**WHAT IS REQUIRED**
Since the records include pictures, leave those out while you reproduce exactly and only the lines from the one containing "iOttie Easy One" through the one containing "Pantaloni sartoriali Fit", inclusive.

**RECORDS FOR THIS TASK**
%%
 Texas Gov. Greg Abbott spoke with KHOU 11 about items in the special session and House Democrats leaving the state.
%%
%%
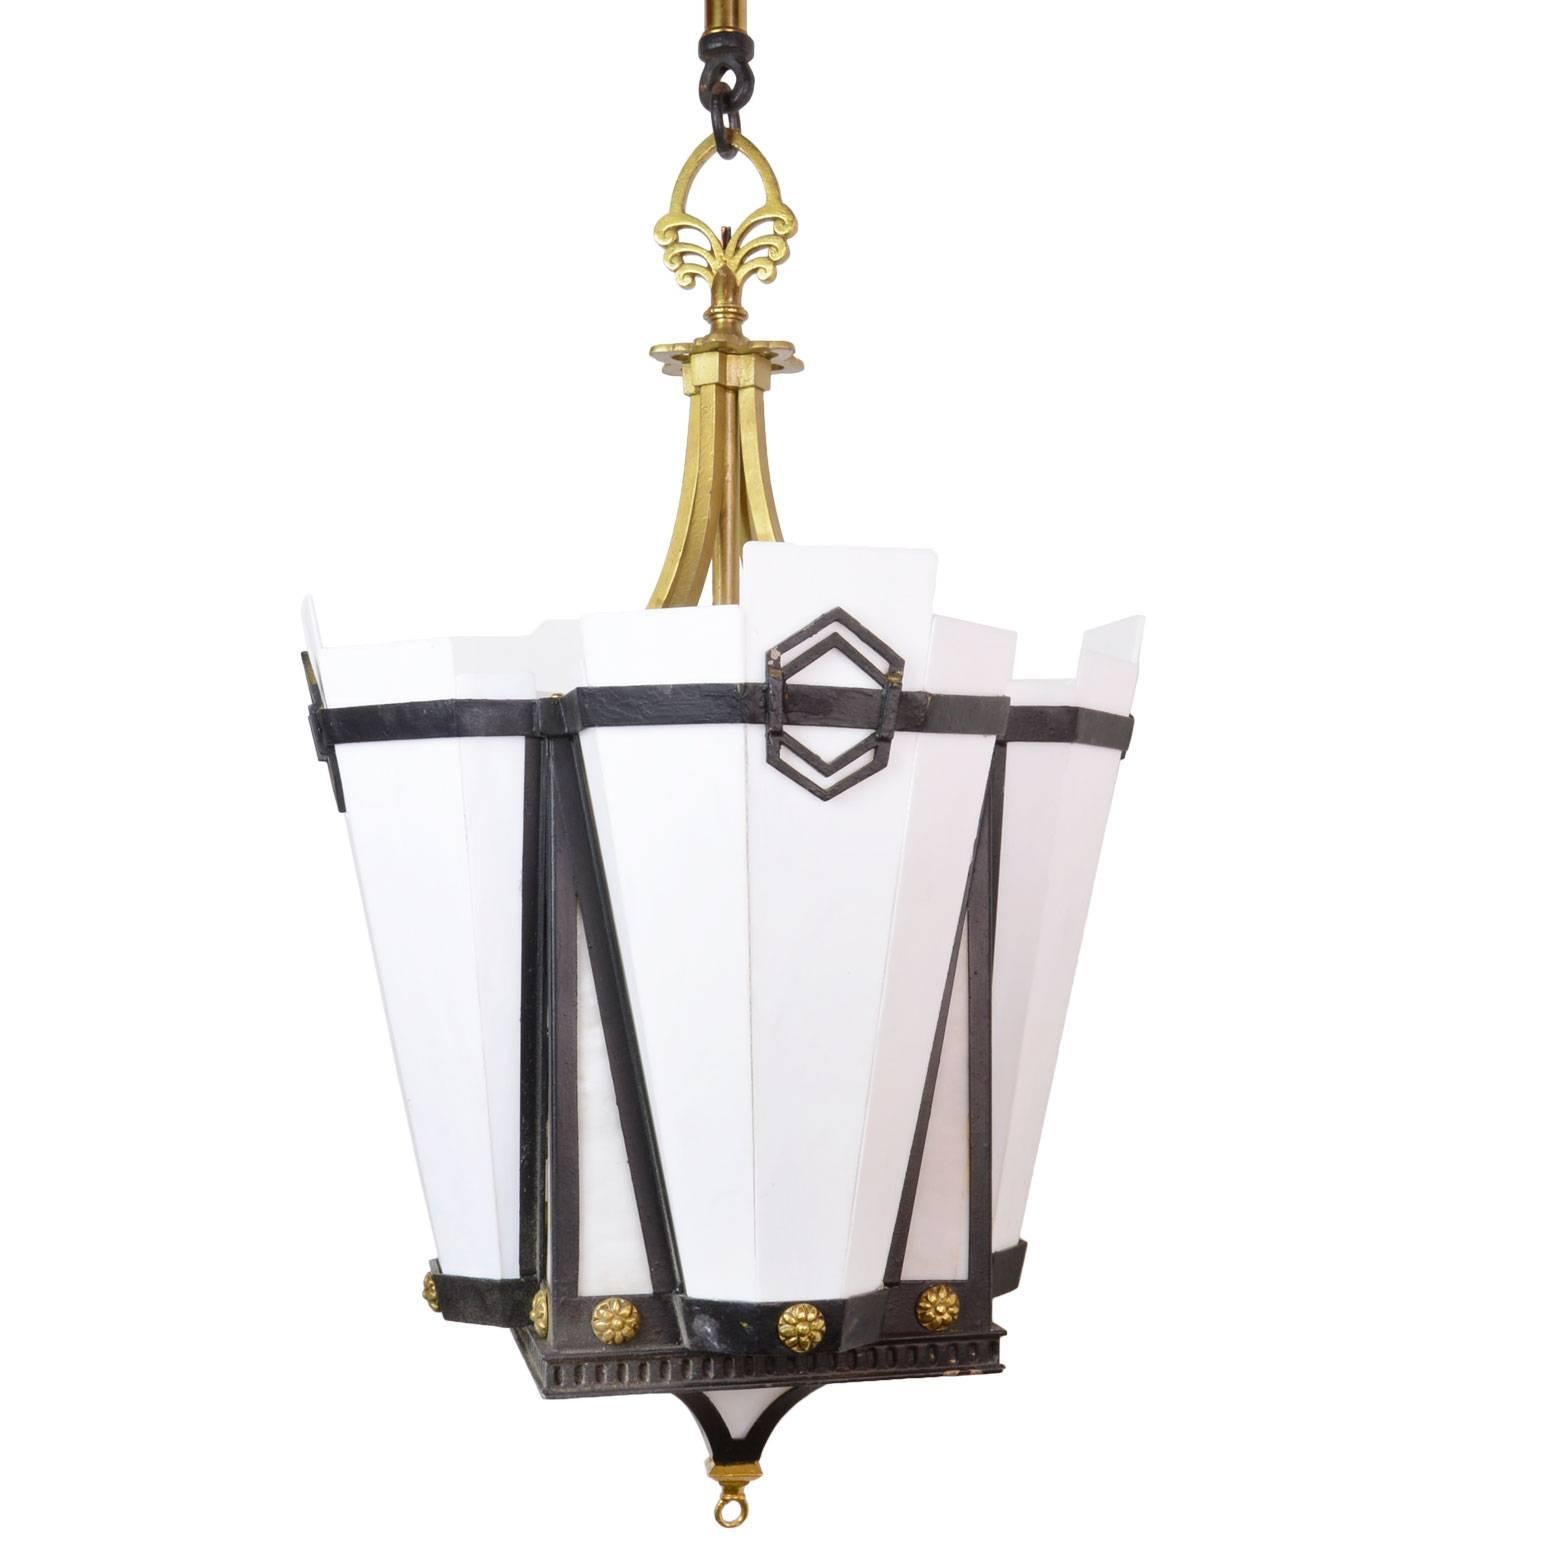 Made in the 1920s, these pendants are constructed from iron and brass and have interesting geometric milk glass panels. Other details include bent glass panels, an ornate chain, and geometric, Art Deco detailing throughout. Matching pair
%%
%%
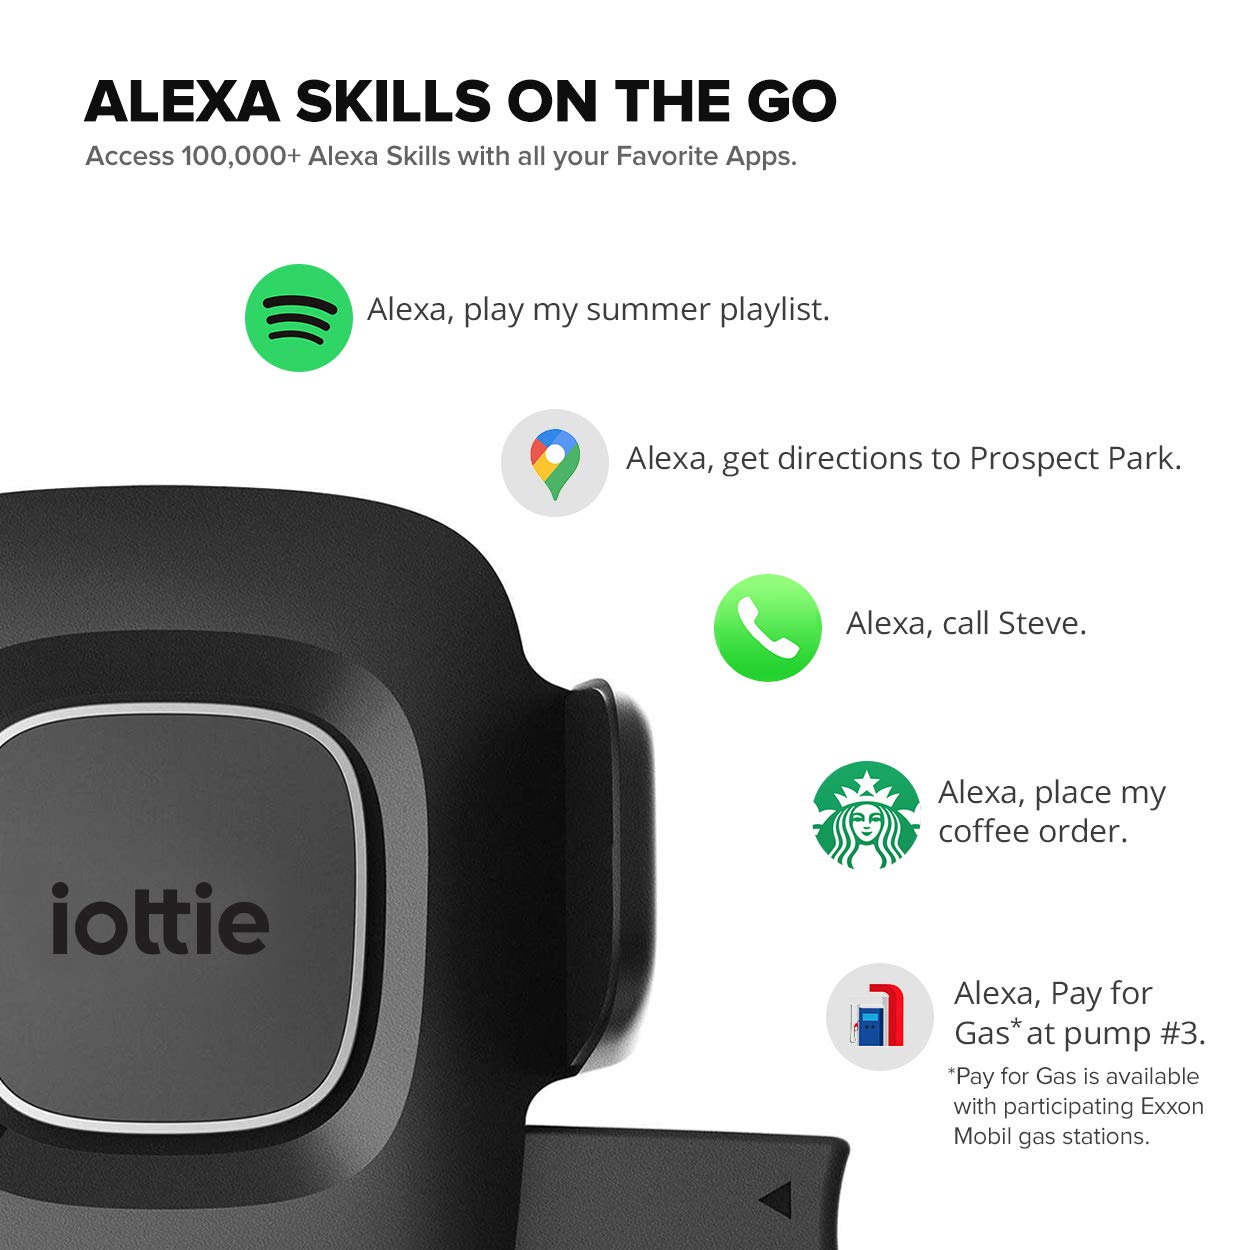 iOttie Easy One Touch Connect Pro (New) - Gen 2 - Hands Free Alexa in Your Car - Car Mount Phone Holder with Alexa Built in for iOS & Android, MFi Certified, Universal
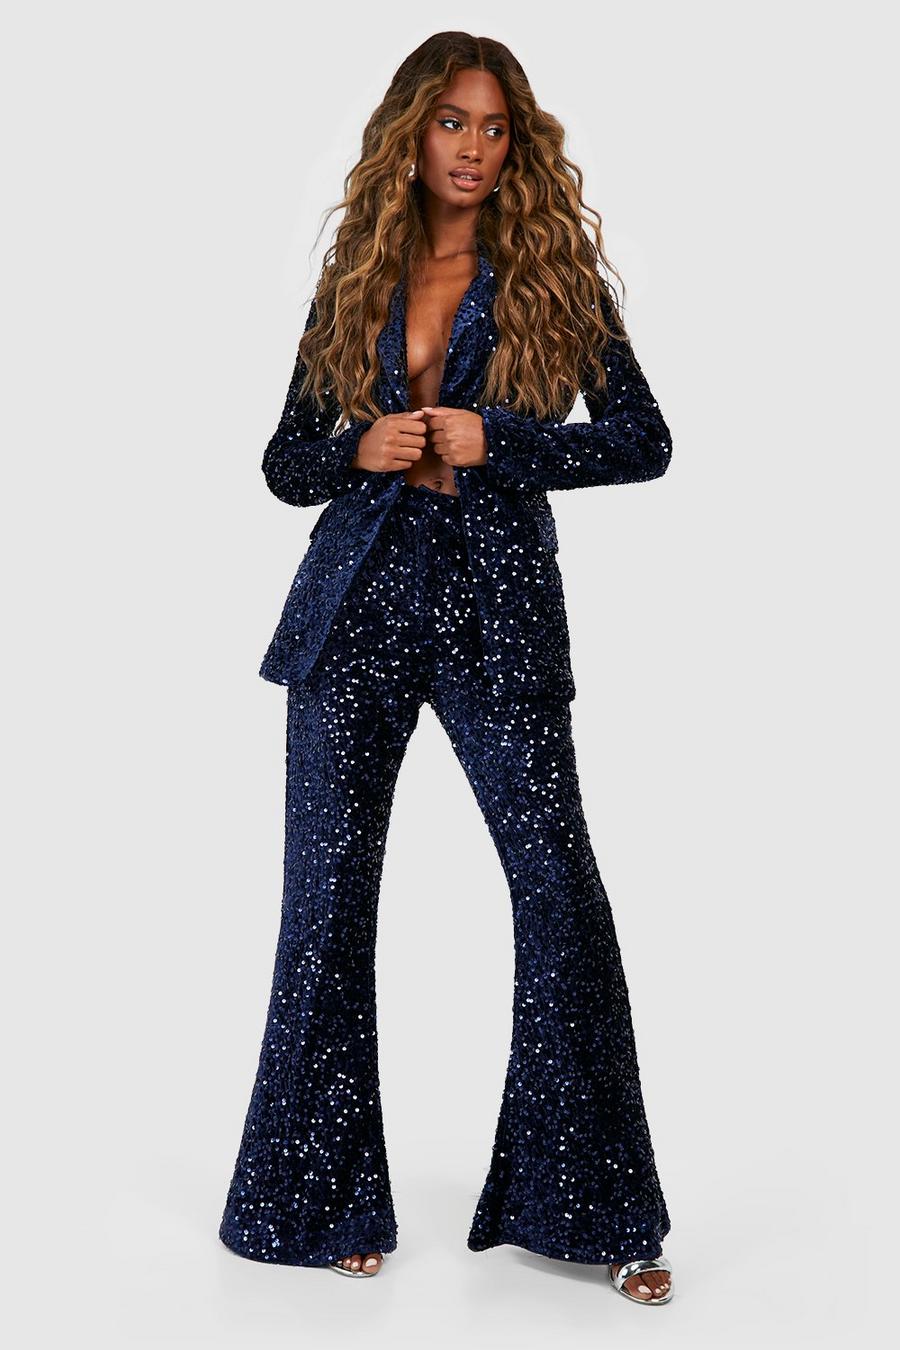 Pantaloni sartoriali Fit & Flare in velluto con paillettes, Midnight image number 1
%%
**OUTPUT OF THE TASK**
 iOttie Easy One Touch Connect Pro (New) - Gen 2 - Hands Free Alexa in Your Car - Car Mount Phone Holder with Alexa Built in for iOS & Android, MFi Certified, Universal
 Pantaloni sartoriali Fit & Flare in velluto con paillettes, Midnight image number 1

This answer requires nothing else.